VADSTI22

Virtual Applied Data Science Training Institute (VADSTI)

Data Science Approaches to Better Understand Clinical and Genomic Informatics
February 24 – April 22, 2022 | An 8-week data science training series in a virtual setting

About VADSTI

The advancements in technology, and computational tools has made it possible to generate and store large amounts of datasets in many disciplines including public health, clinical and biomedical, genomics and business and economics. There is therefore increased demand for utilization of data analytics capabilities to look at trends, predict outcomes and to make better clinical, health policy and economic decisions. Skill sets in data science are particularly critical for advancing the science of minority health and health disparities.

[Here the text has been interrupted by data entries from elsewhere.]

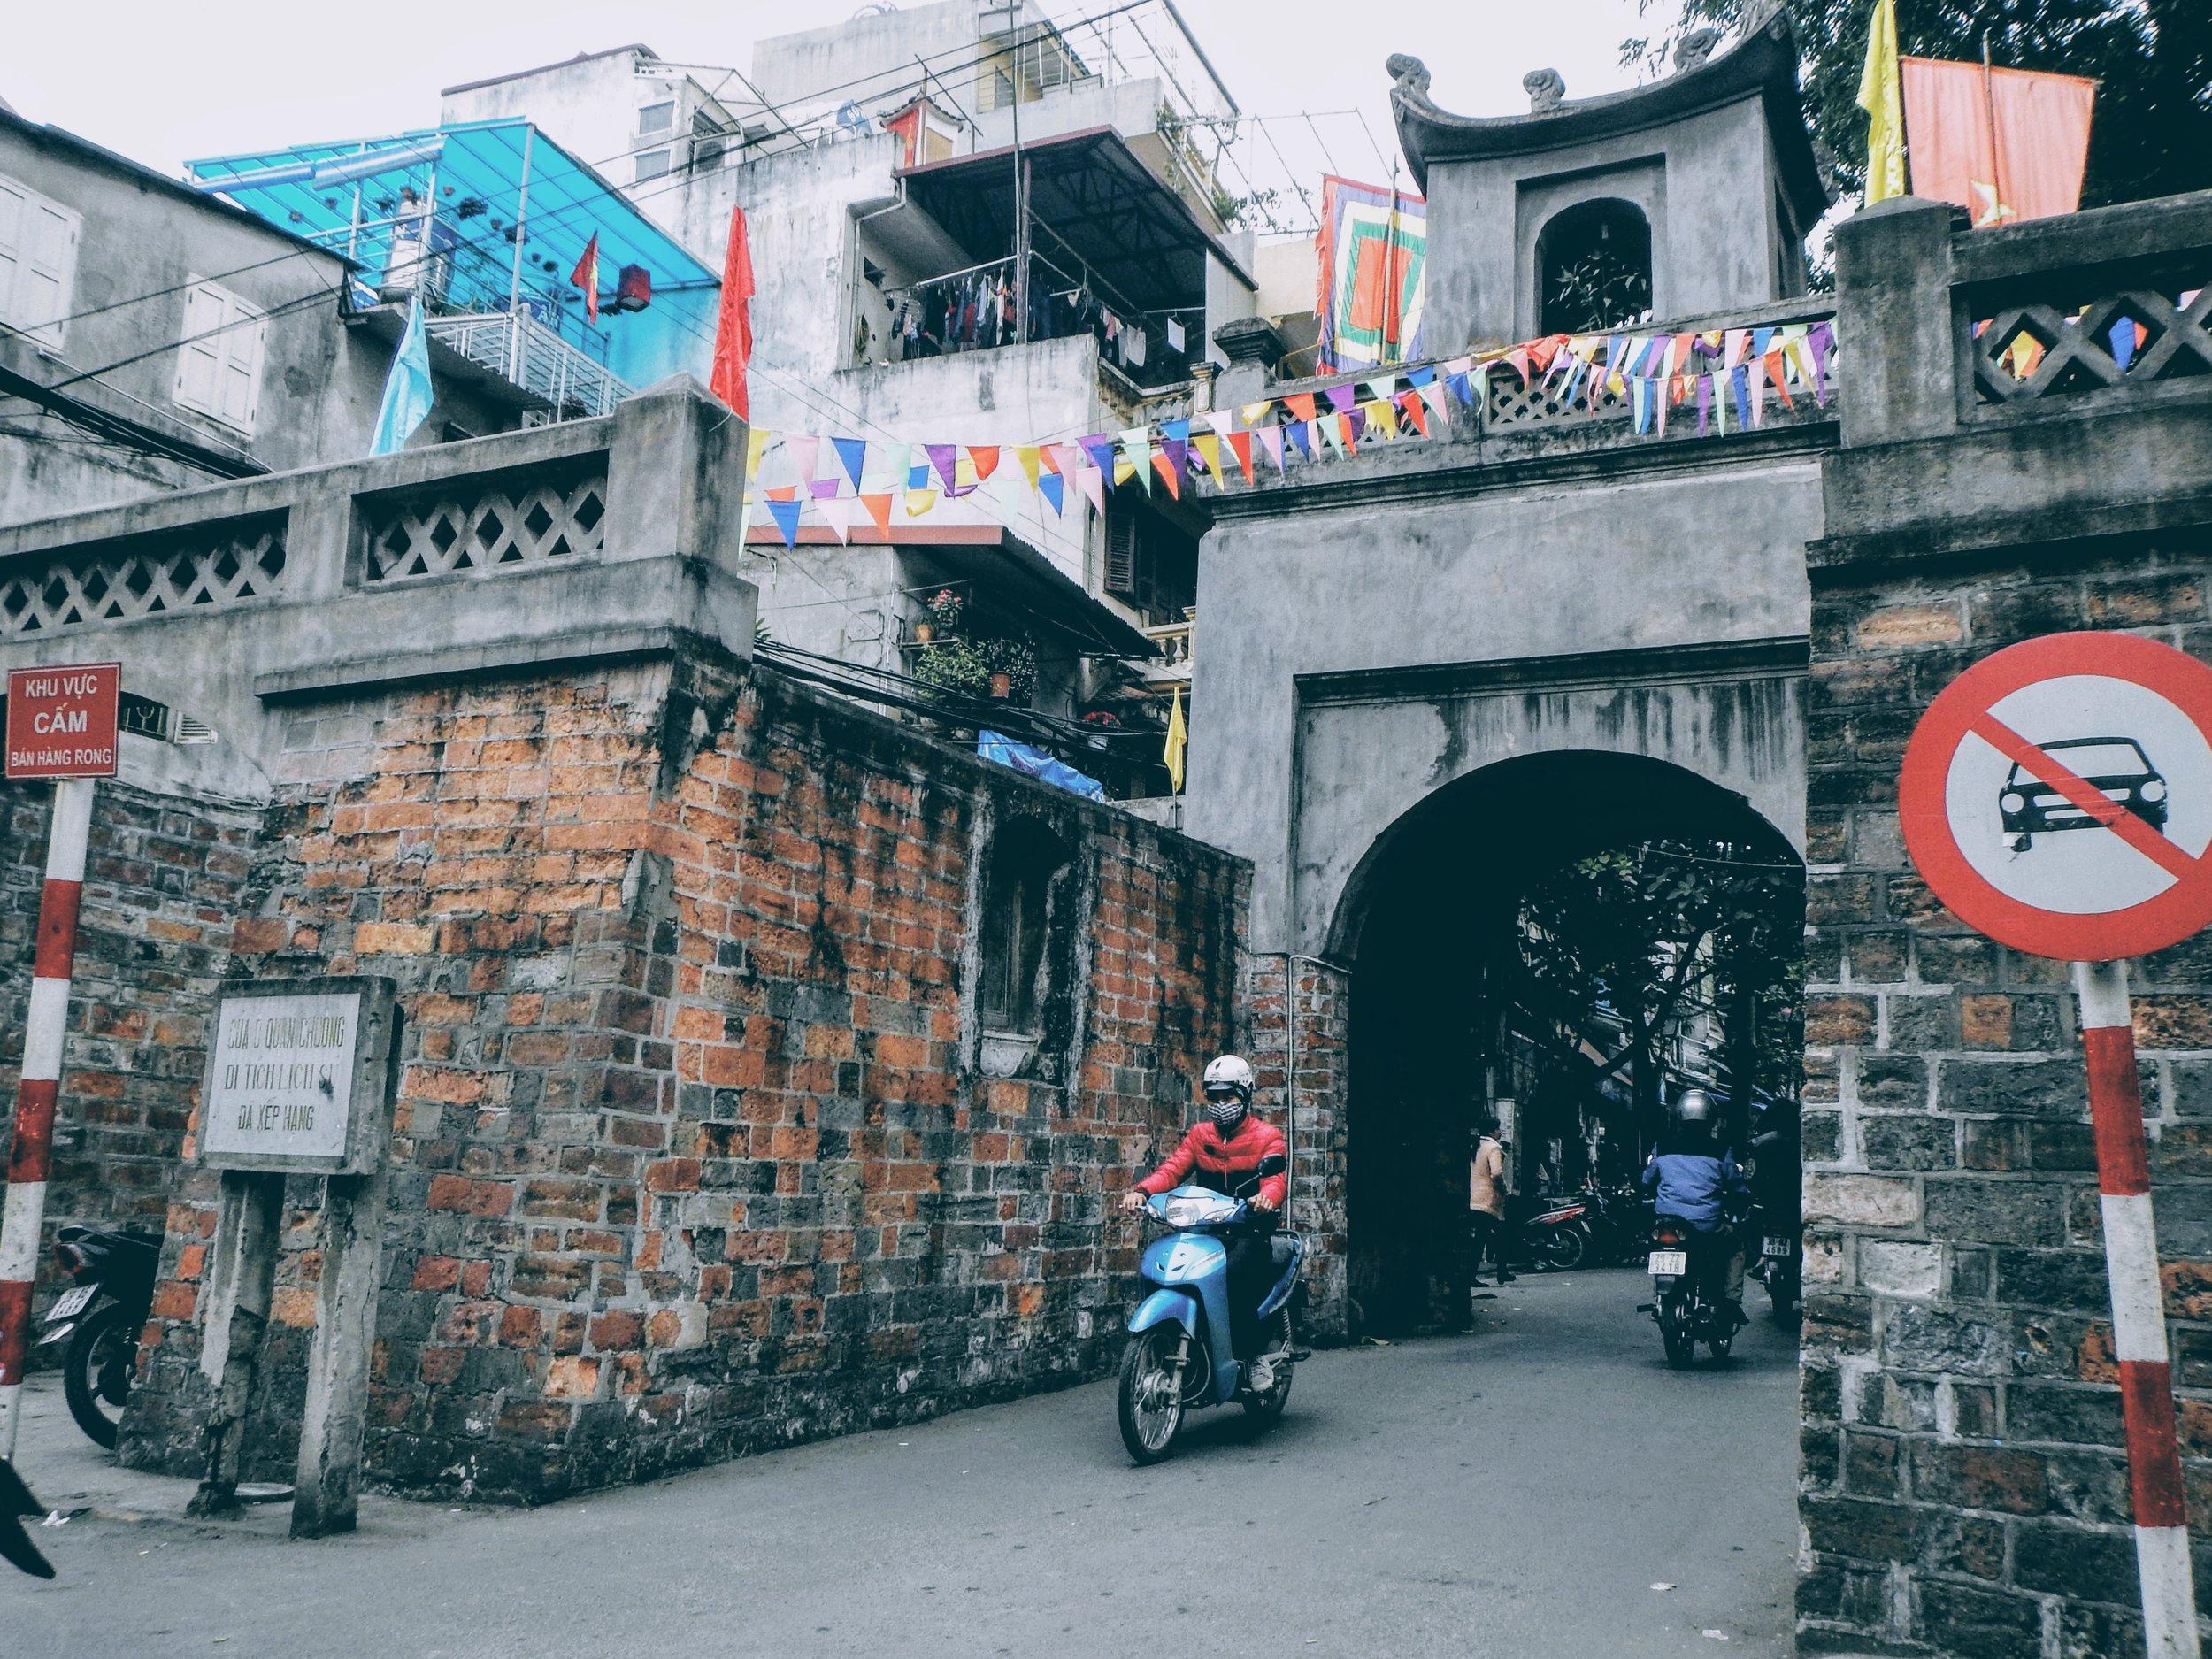 The Weekly Getaway: motorbikes, smog and amazing food in Hanoi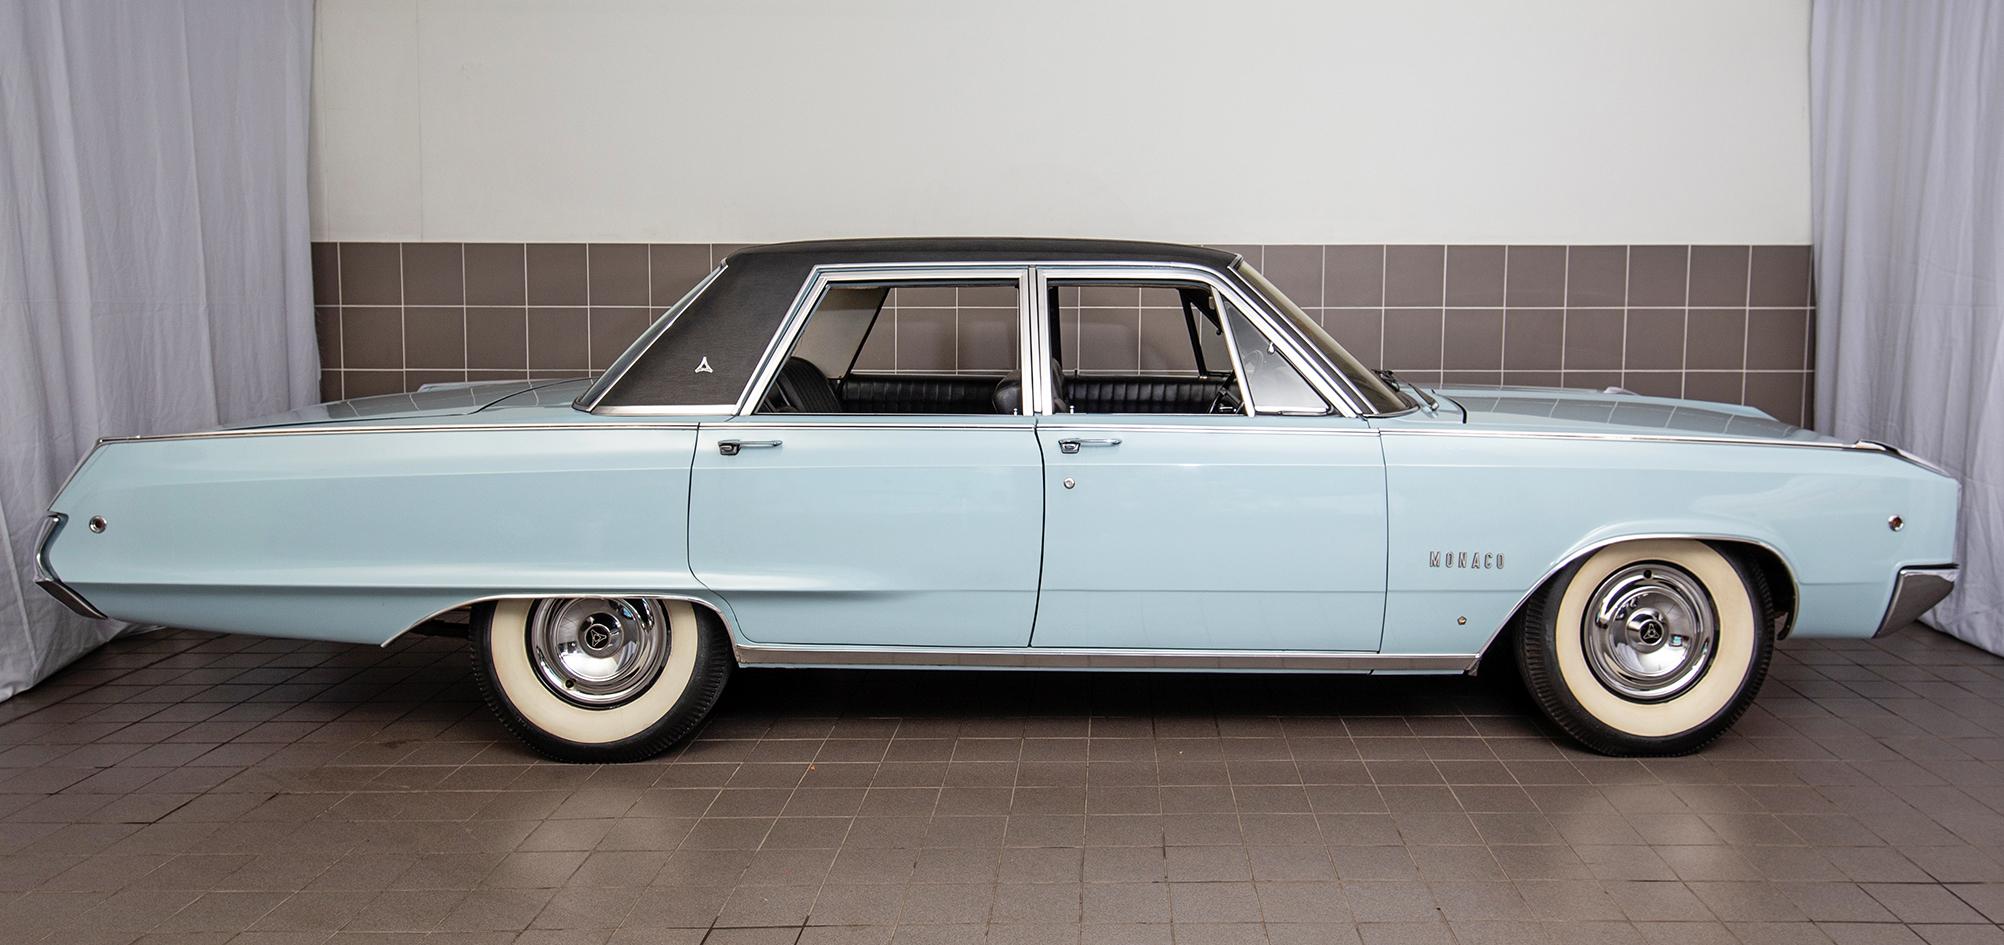 1968 Dodge Manaco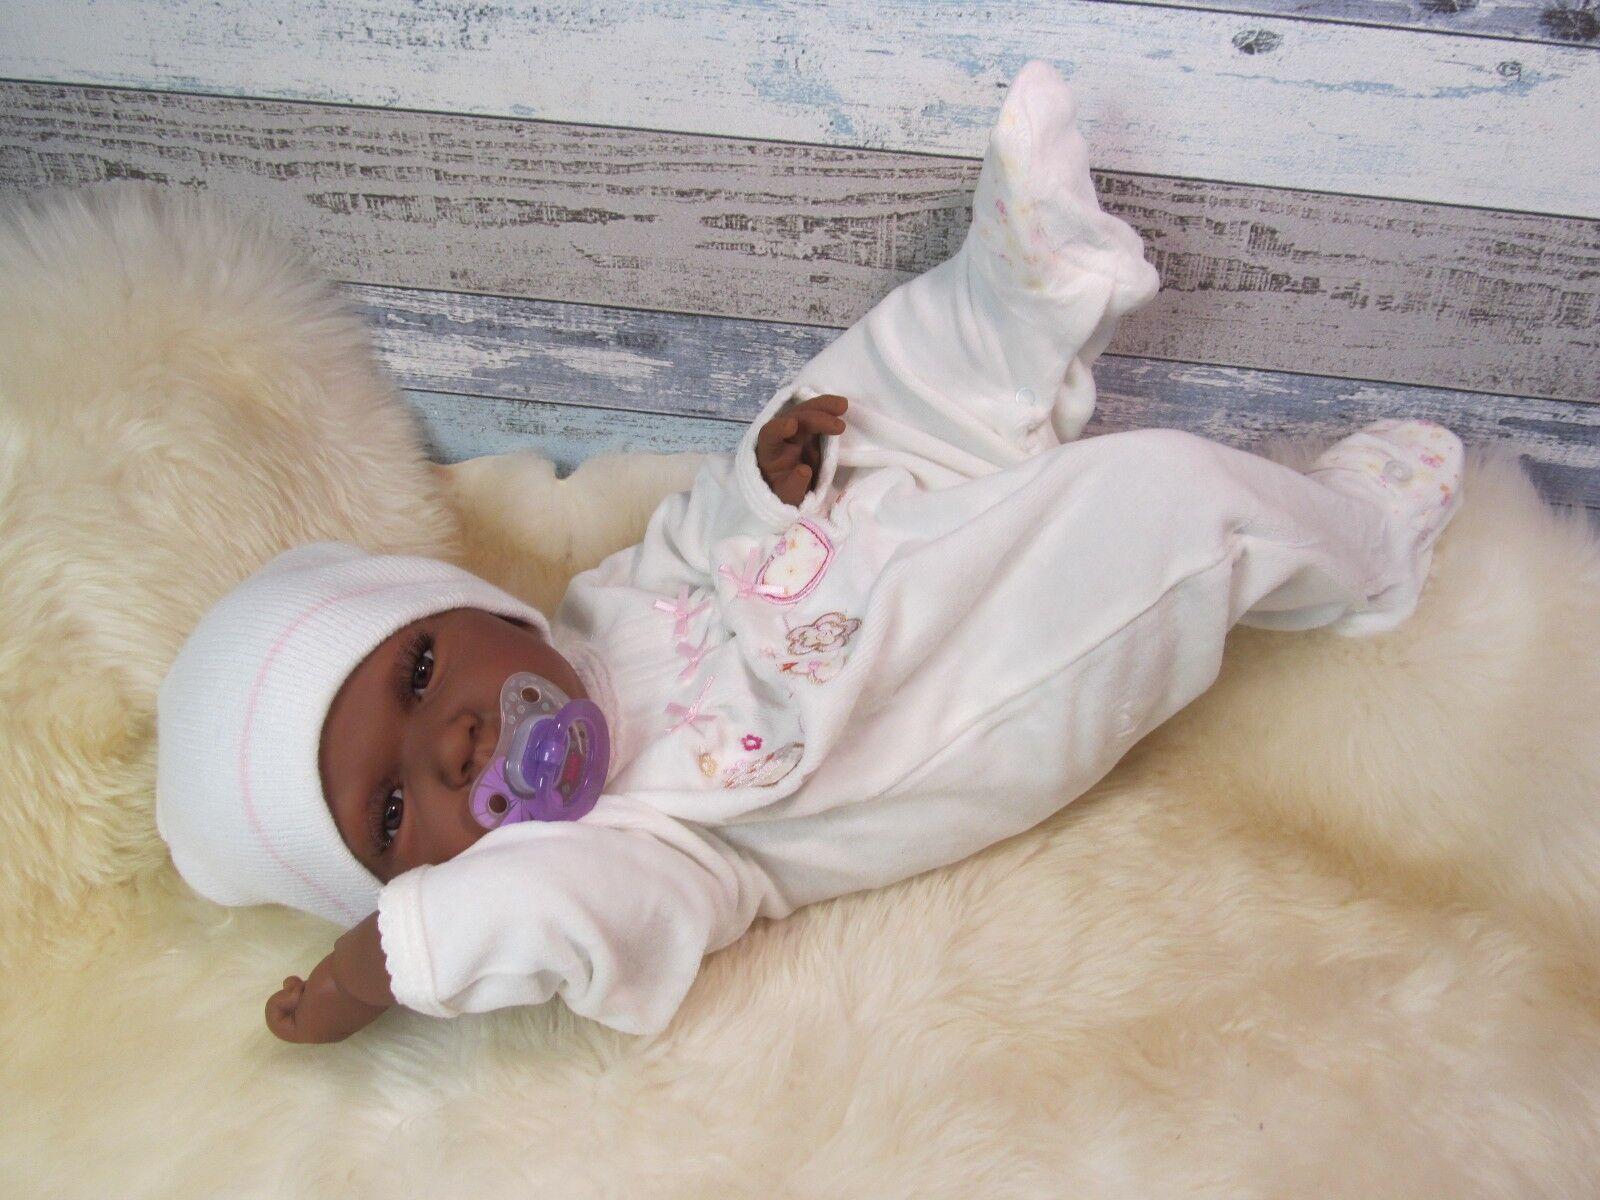 Ninisingen rebornbaby Reborn Naila ragazza BABY BAMBOLA BABY VINILE pieno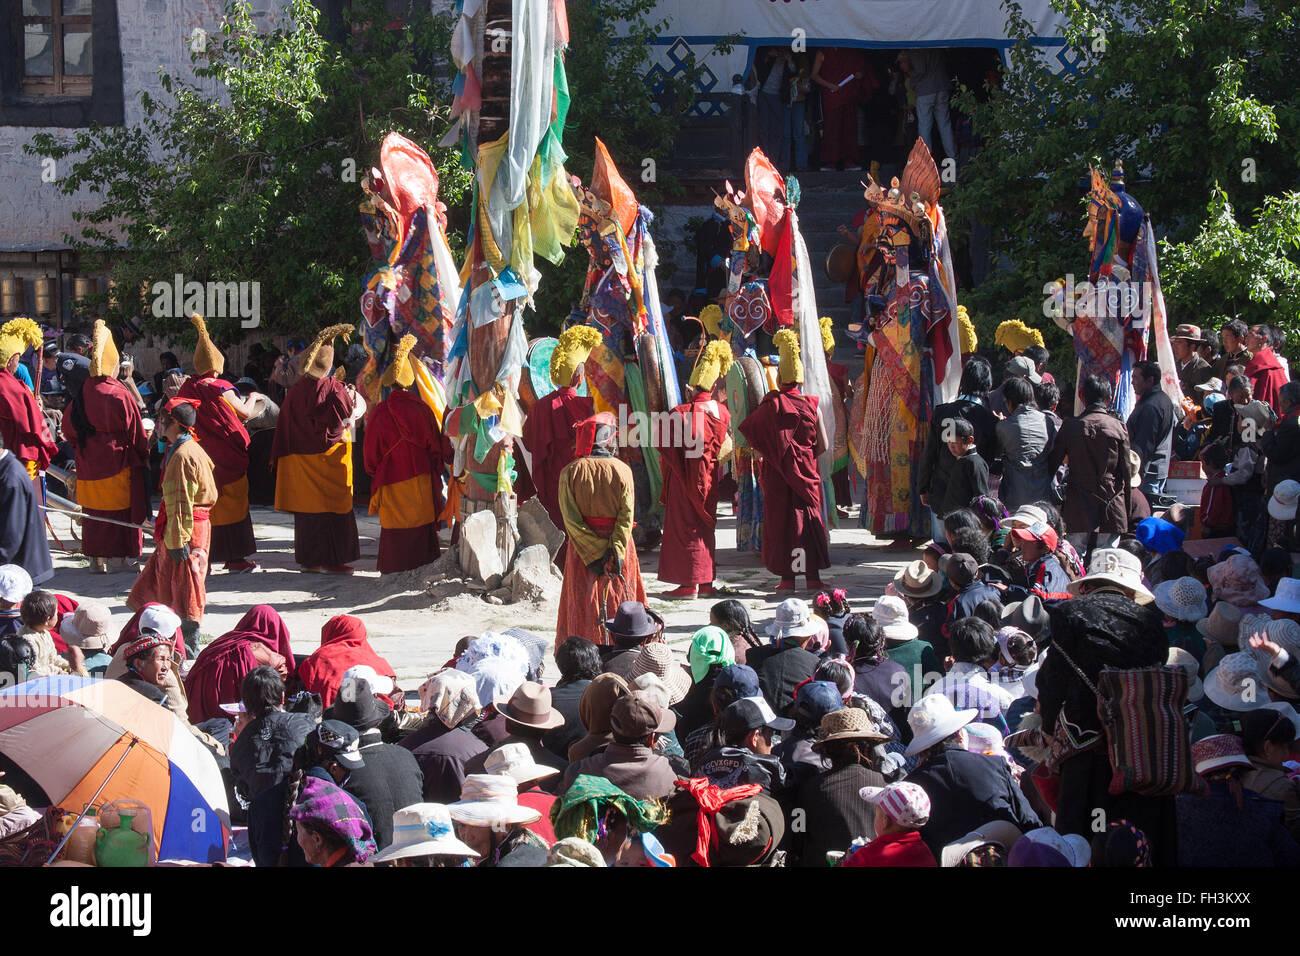 Ritual dance performed by Buddhist Lamas during the Saga Dawa ceremony - Stock Image

The Howard University Research Centers in Minority Institutions, RCMI, Program, with funding from NIH, is pleased to announce VADSTI 2.0, to the Howard University community. Our aim is to enhance data science capability and application by providing training in the foundations of programming and the critical data analytic skills for planning and conducting research that involves big data and pertinent to minority issues. This free training series will cover topics including, Foundations of Data Science, Introduction to Python, Statistical Concepts, Data Exploration and Visualization and Predictive Analytics. Participants will receive a verified digital Certificate of Completion from VADSTI.

To register click the following link – https://vadsti22.eventbrite.com

For questions, contact John Kwagyan, PhD at jkwagyan@howard.edu or Stacey Gerald, MSc. at
stacey.gerald@howard.edu

Program Objectives & Competencies

The primary objective of the 2022 VADSTI program is to provide training in the foundations of
data science and advance analytic skills and introduce tools for clinical and genomic research.
Over the course of the 8-week training program you will:

  • Be introduced to the principles of data science.
  • Be introduced to Python programming skills.
  • Gain practical, hands-on experience with Python and related libraries for accessing data from
    multiple sources.
  • Gain insights in use predictive analytic.
  • Learn about the underlying concepts of probability and statistics for data analytics.
  • Be introduced to advanced statistical analytic techniques utilized in biomedical, clinical, and
    genomic research.
  • Understand the concepts of data partitioning and practice behind supervised and unsupervised
    learning.
  • Be introduced to advanced algorithmic techniques including machine learning and deep
    learning..

Certificate of Completion: Participants who complete 6 of the 8 modules will receive a verified
Certificate of Completion from VADSTI.

Evaluation: At the end of each training module, you will be requested to complete electronic
feedback forms on the extent to which expectations and objectives were met.

Registration & Fees: No fees for participation, but registration is required to attend.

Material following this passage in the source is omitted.